PARIS, Texas (AP) – The developer of the disputed Keystone XL oil pipeline, planned to carry oil from Canadian tar sands to Texas Gulf Coast refineries, may condemn land across a northeast Texas farm for the pipeline's right of way, a judge ruled Wednesday.

In an email to attorneys Wednesday night, Lamar County Court-at-Law Judge Bill Harris ruled that the pipeline would be a common carrier and that TransCanada has eminent domain rights to right of way across the farm.

Messages left with TransCanada were not returned Wednesday night. However, landowner Julia Trigg Crawford planned to appeal the decision to a state district court in Paris, said Tom "Smitty" Smith, Texas director of the activist group Public Citizen that is part of the coalition fighting the pipeline project.

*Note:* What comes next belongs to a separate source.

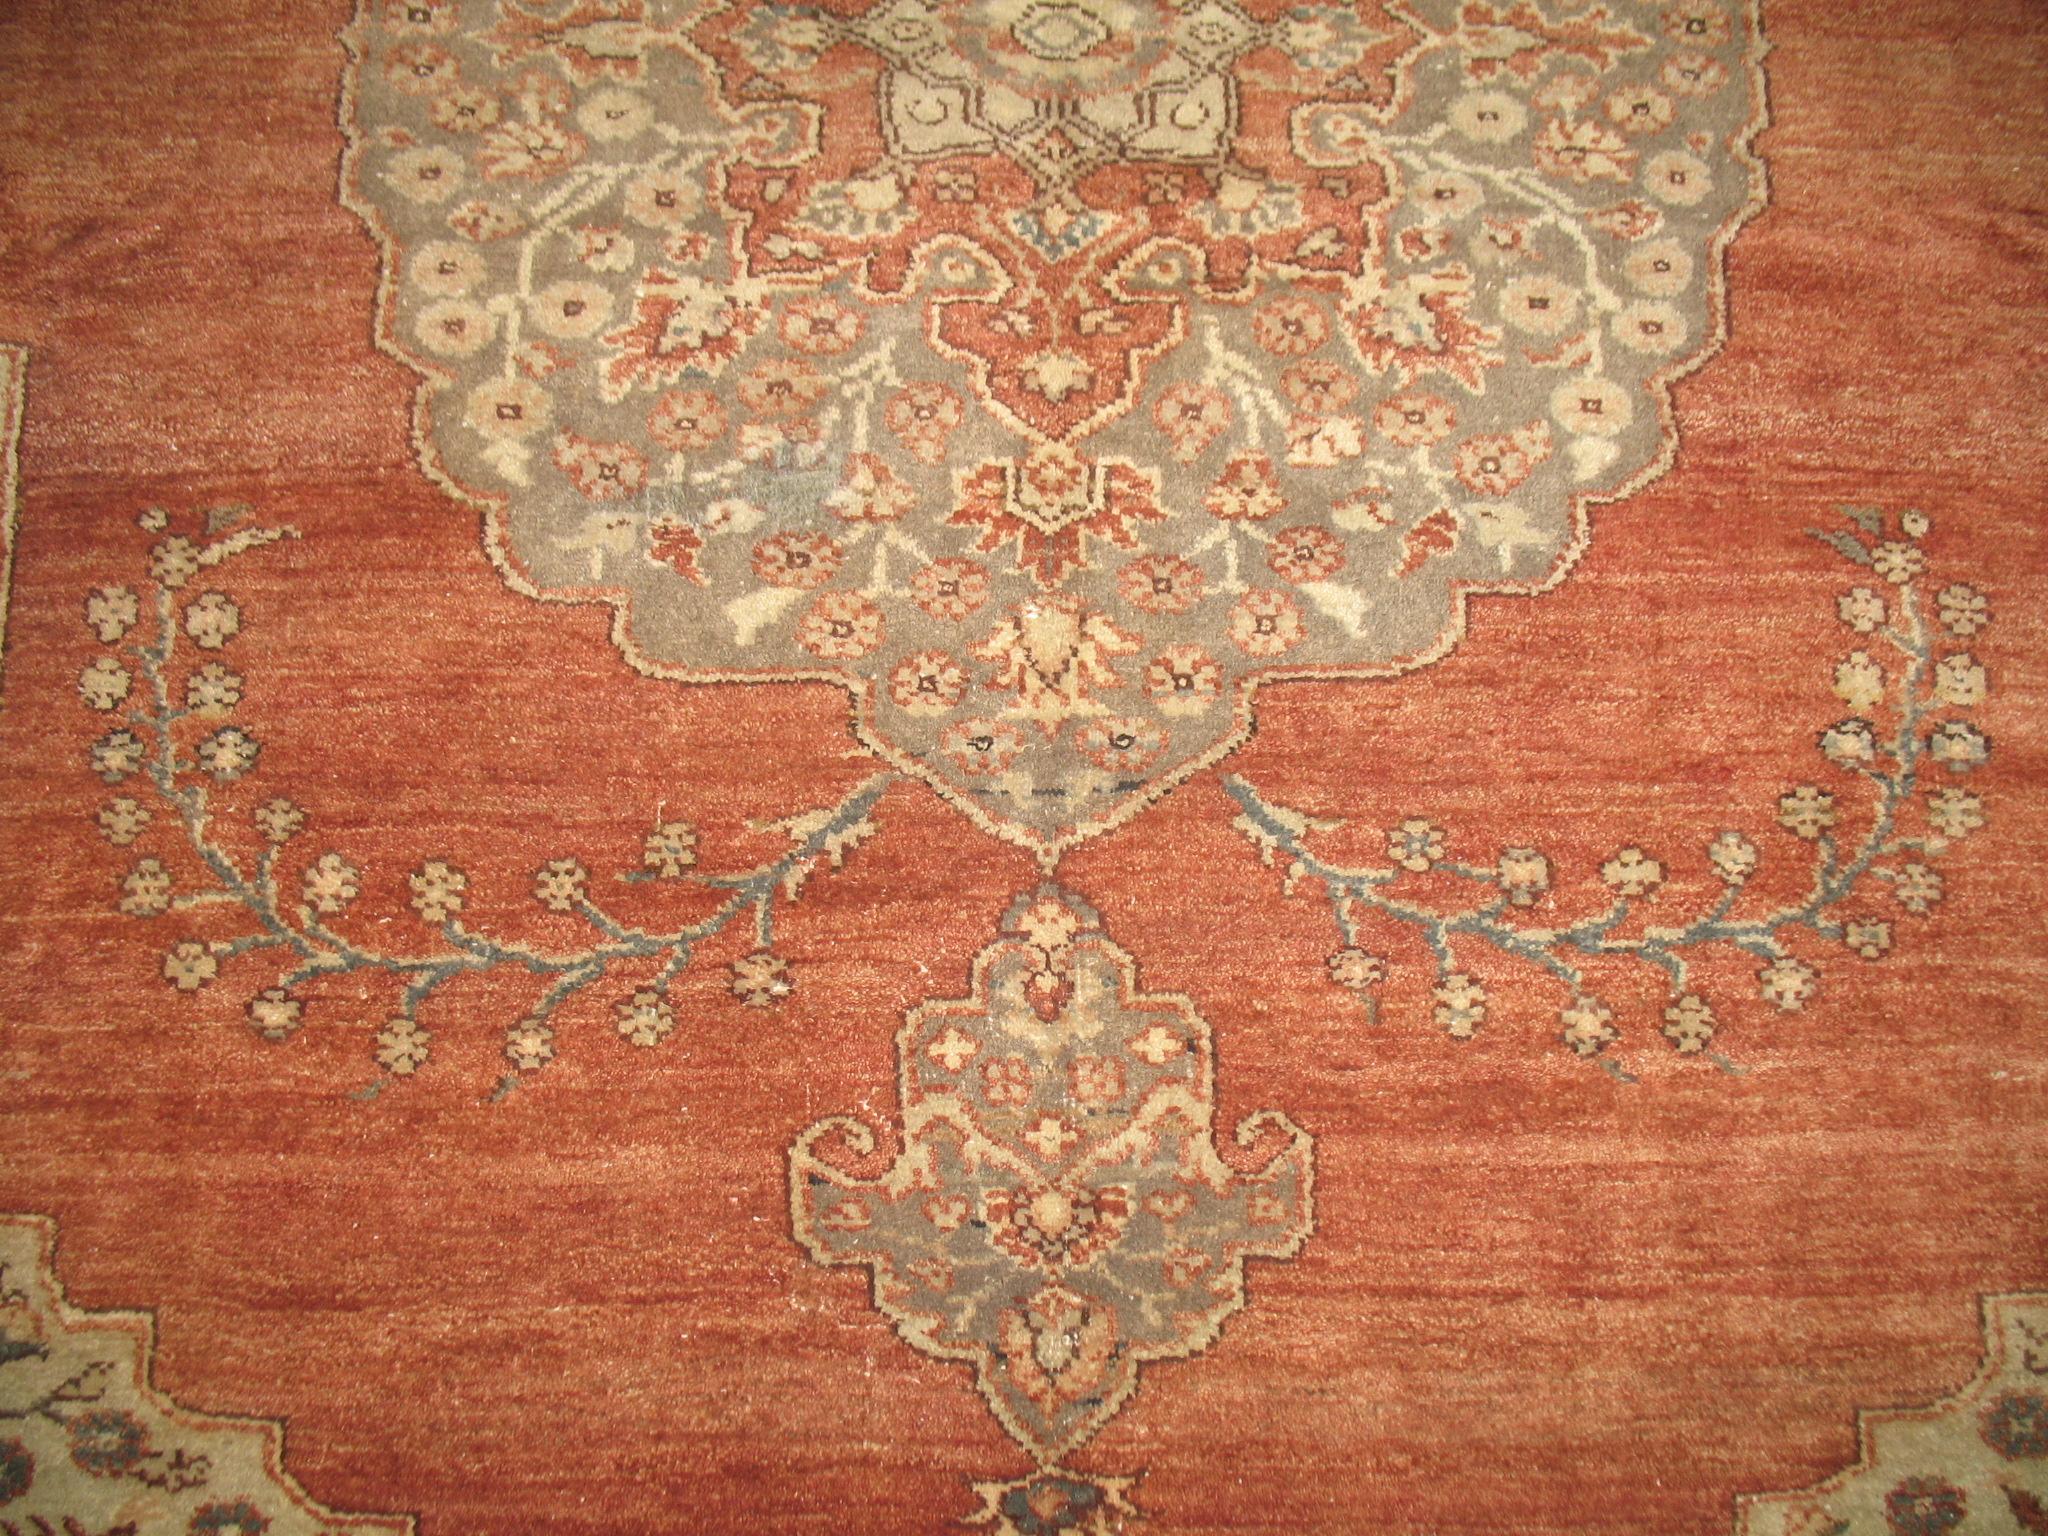 Einzigartiger zimmergroßer türkischer Teppich mit traditionellem orientalischem Muster in Grau-, Apricot- und Elfenbeintönen

Maße: 8'9'' x 10'9''.

In a statement issued Wednesday night, Crawford said she was disappointed that Harris "wholly dismissed our entire case with a 15-word ruling sent from his iPhone."

Crawford had argued that TransCanada trampled her property rights and that the project could harm Caddo Indian artifacts on her farm. Her attorneys argued that the Keystone XL project did not qualify as a common carrier, meaning under Texas law that it lacked eminent domain powers.

Harris ruled otherwise, meaning the project is under the authority of the Texas Railroad Commission and qualified for land condemnation.

"Judge Harris' disappointing decision today further highlights the vulnerable and precarious position that Texas landowners are in," said Debra Medina, a former tea party-favored Republican candidate for Texas governor and property-rights activist.